Publication ,  Journal Article
Aquino, W; Bunting, G; Miller, ST; Walsh, TF
Published in: Computer Methods in Applied Mechanics and Engineering
March 1, 2019

The integrity of engineering structures is often compromised by embedded surfaces that result from incomplete bonding during the manufacturing process, or initiation of damage from fatigue or impact processes. Examples include delaminations in composite materials, incomplete weld bonds when joining two components, and internal crack planes that may form when a structure is damaged. In many cases the areas of the structure in question may not be easily accessible, thus precluding the direct assessment of structural integrity. In this paper, we present a gradient-based, partial differential equation (PDE)-constrained optimization approach for solving the inverse problem of interface detection in the context of steady-state dynamics. An objective function is defined that represents the difference between the model predictions of structural response at a set of spatial locations, and the experimentally measured responses. One of the contributions of our work is a novel representation of the design variables using a density field that takes values in the range [0,1]andraised and raised to an integer exponent that promotes solutions to be near the extrema of the range.
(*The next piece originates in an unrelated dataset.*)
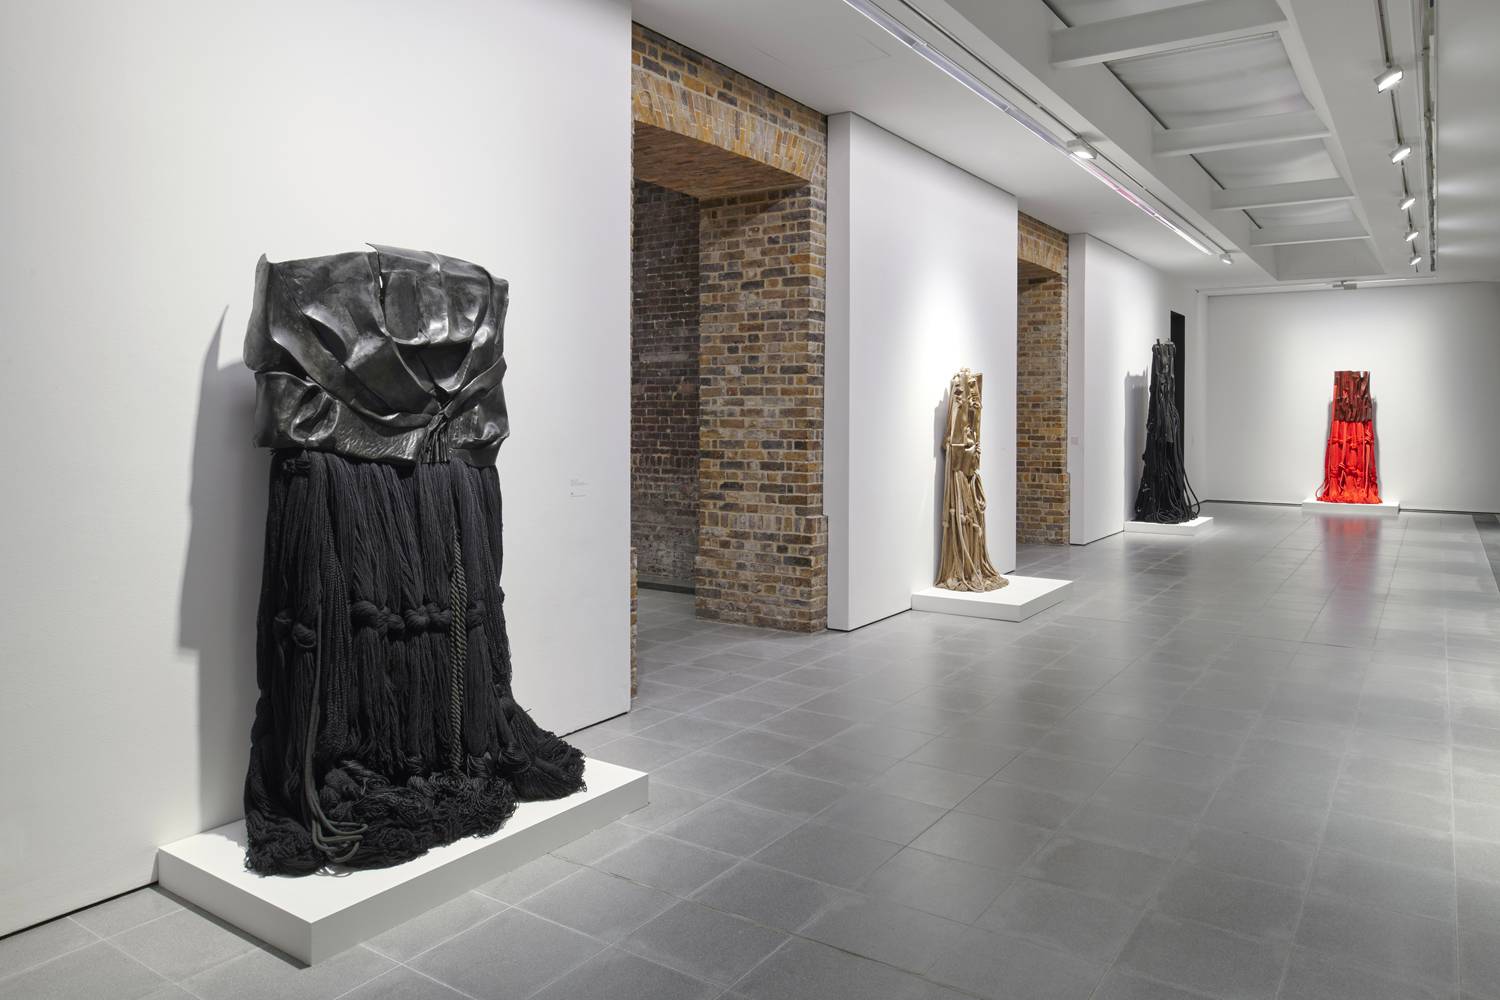 Installation view of Barbara Chase-Riboud’s exhibition ‘Infinite Folds’ at Serpentine North, London, 2022. Photograph by Jo Underhill. Courtesy of the artist and Serpentine.

The density field is combined with the penalty method for enforcing a zero gap condition and realizing partially bonded surfaces. The use of the penalty method with a density field representation leads to objective functions that are continuously differentiable with respect to the unknown parameters, enabling the use of efficient gradient-based optimization algorithms. Numerical examples of delaminated plates are presented to demonstrate the feasibility of the approach.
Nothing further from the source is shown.